First, let’s generate some (random) conformers of two molecules. The smaller of the two has a similar substructure to the other. We use xTB to relax the conformers initially generated by RDKit (and MMFF94 optimized) which also gives us the partial charges.

# Embed a random conformer with RDKit
ref_mol_rdkit = embed_conformer_from_smiles('c1Cc2ccc(Cl)cc2C(=O)c1c3cc(N1nnc2cc(C)c(Cl)cc2c1=O)ccc3', MMFF_optimize=True)
fit_mol_rdkit = embed_conformer_from_smiles('N1nnc2ccc(Cl)cc2c1=O', MMFF_optimize=True)
# Local relaxation with xTB
ref_mol, _, ref_charges = optimize_conformer_with_xtb(ref_mol_rdkit)
fit_mol, _, fit_charges = optimize_conformer_with_xtb(fit_mol_rdkit)
Chem.Draw.MolsToGridImage([Chem.MolFromSmiles(smi) for smi in ['c1Cc2ccc(Cl)cc2C(=O)c1c3cc(N1nnc2cc(C)c(Cl)cc2c1=O)ccc3',
                                                               'N1nnc2ccc(Cl)cc2c1=O']])
../_images/ad4ffc7aec0e2dabe4993fa0d3e04503a416f6ae5f0c25955eb40d68534f5a5e.png

Molecule#

Molecule objects automatically extract interaction profiles. Here, we specify the number of surface points, which partial charges to use to get the electrostatic potential at each of the sampled surface points, and use a representation of pharmacophores that averages directional representations of the same type (pharm_multi_vector=False).
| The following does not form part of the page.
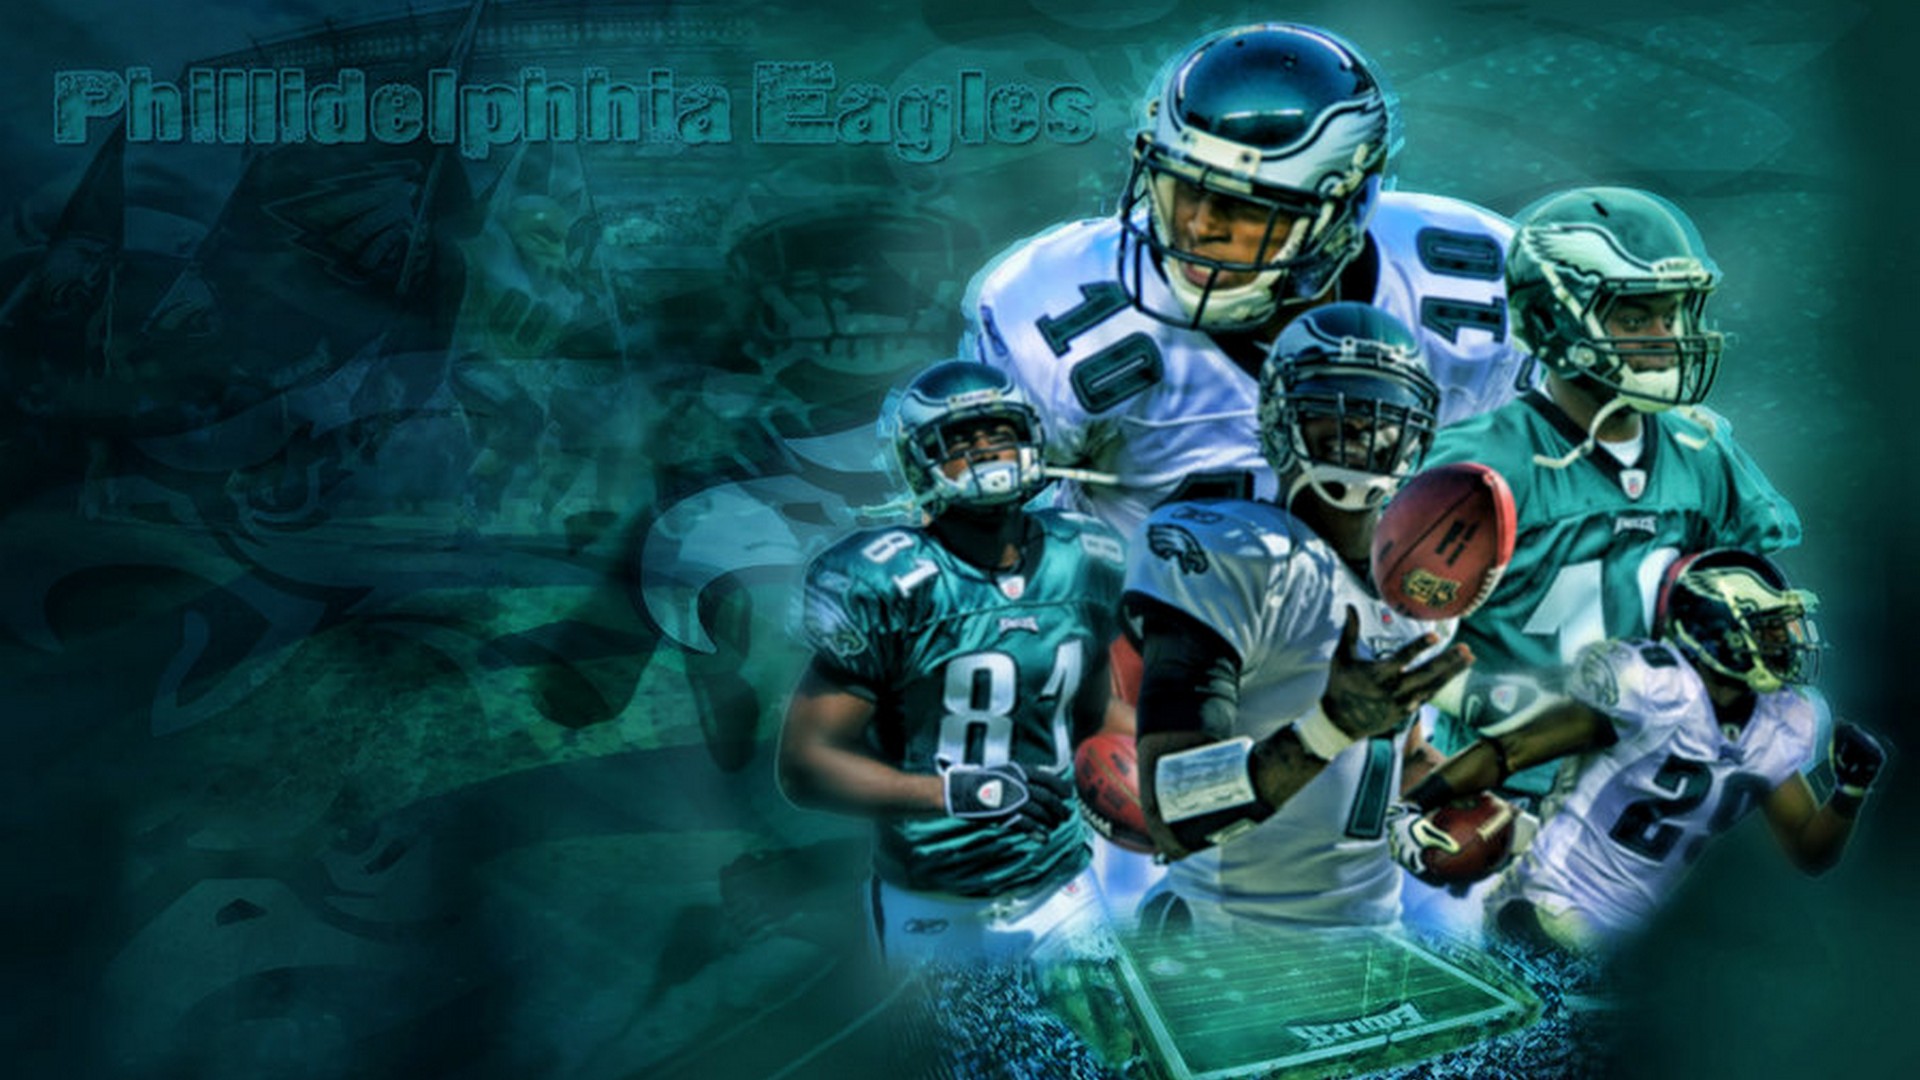 HD The Eagles Background Nfl Football Wallpaper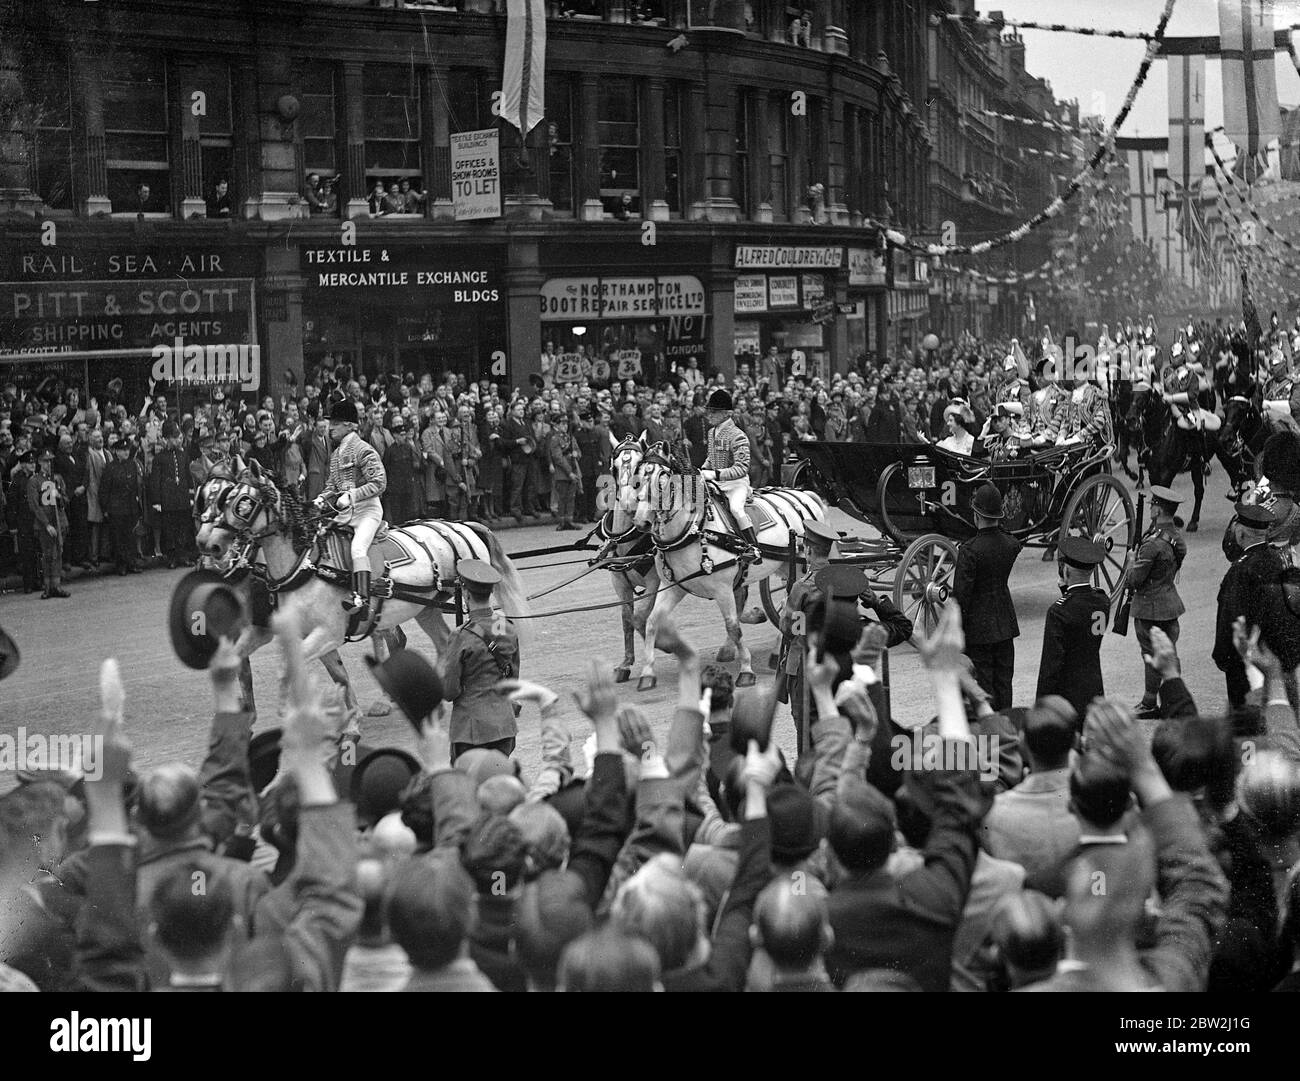 The Royal tour of Canada and the USA by King George VI and Queen Elizabeth , 1939 King and Queen celebrated the first day of their return by attending an official luncheon at the Guildhall , London , Britain . Photo shows the Royal procession approaching St Paul 's Cathedral on the way to the Guildhall . Stock Photo

# Extract interaction profiles
# Generates a surface with 200 sampled points
#  attributed with ESP using the xTB partial charges
#  and extracts pharmacophores with averaged vectors
ref_molec = Molecule(ref_mol,
                     num_surf_points=200,
                     partial_charges=ref_charges,
                     pharm_multi_vector=False)
fit_molec = Molecule(fit_mol,
                     num_surf_points=200,
                     partial_charges=fit_charges,
                     pharm_multi_vector=False)

MoleculePair#

The MoleculePair class facilitates easy scoring between two conformations as well as alignment. Note that by setting do_center=True we align each molecule’s center of mass to the origin which would not be desirable if we wanted to do a local relaxation.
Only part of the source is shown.